PRIMUS and FELICIAN, two elderly brothers martyred during the Diocletianic Persecution (303–313). Their unreliable acta and other legends claim they were scourged, or thrown to lions, or tortured and then beheaded, however, all of them do agree they met their end on the Via Nomentana in Rome.

VINCENT of AGEN, a deacon who was spread out and staked to the floor, after which he was scourged and then beheaded, some sources say as a sacrifice to a pagan god.
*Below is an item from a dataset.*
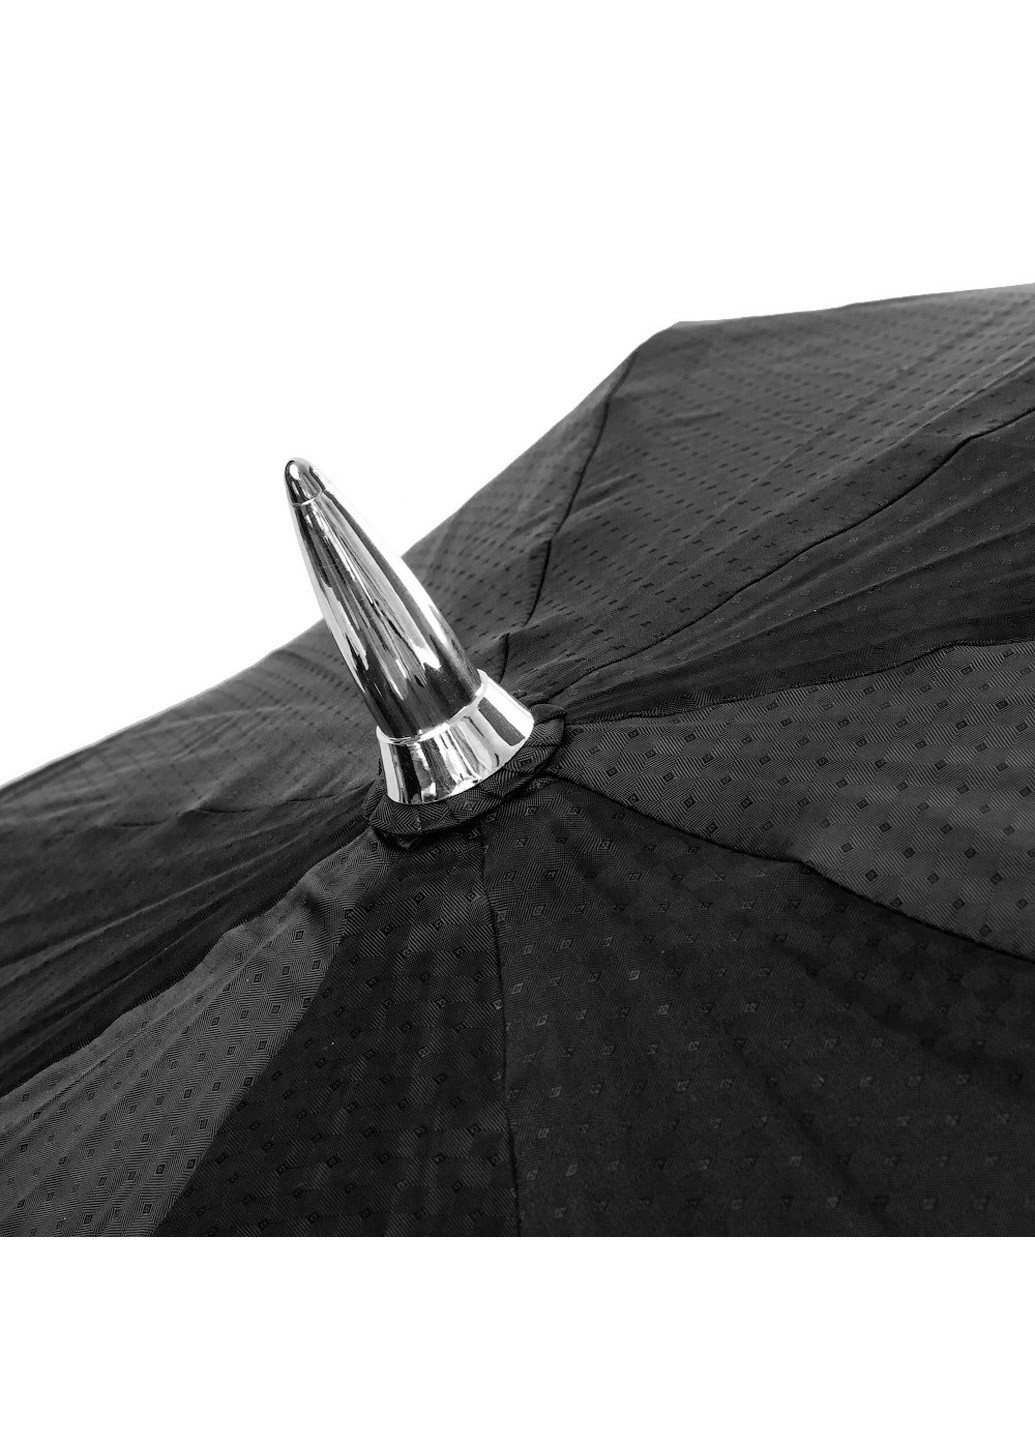 Мужской зонт-трость полуавтомат 118 см FARE (194317312)

His martyrdom took place at Agen in Gascony (France) circa 292.

Prior to the Schism the Patriarchate of Rome was Orthodox, and fully in communion with the Orthodox Church. As Saint John of Shanghai and San Francisco +1966 said “The West was Orthodox for a thousand years, and her venerable Liturgy is far older than any of her heresies”.

Details of British Saints excerpted from Orthodox Saints of the British Isles.
Details of continental saints from these sources.

In many cases there are several spelling versions of the names of saints from the British Isles. I use the Oxford Dictionary of National Biography version as the primary version with the more prevalent version in parenthesis e.g. Ceadda (Chad) of Lichfield.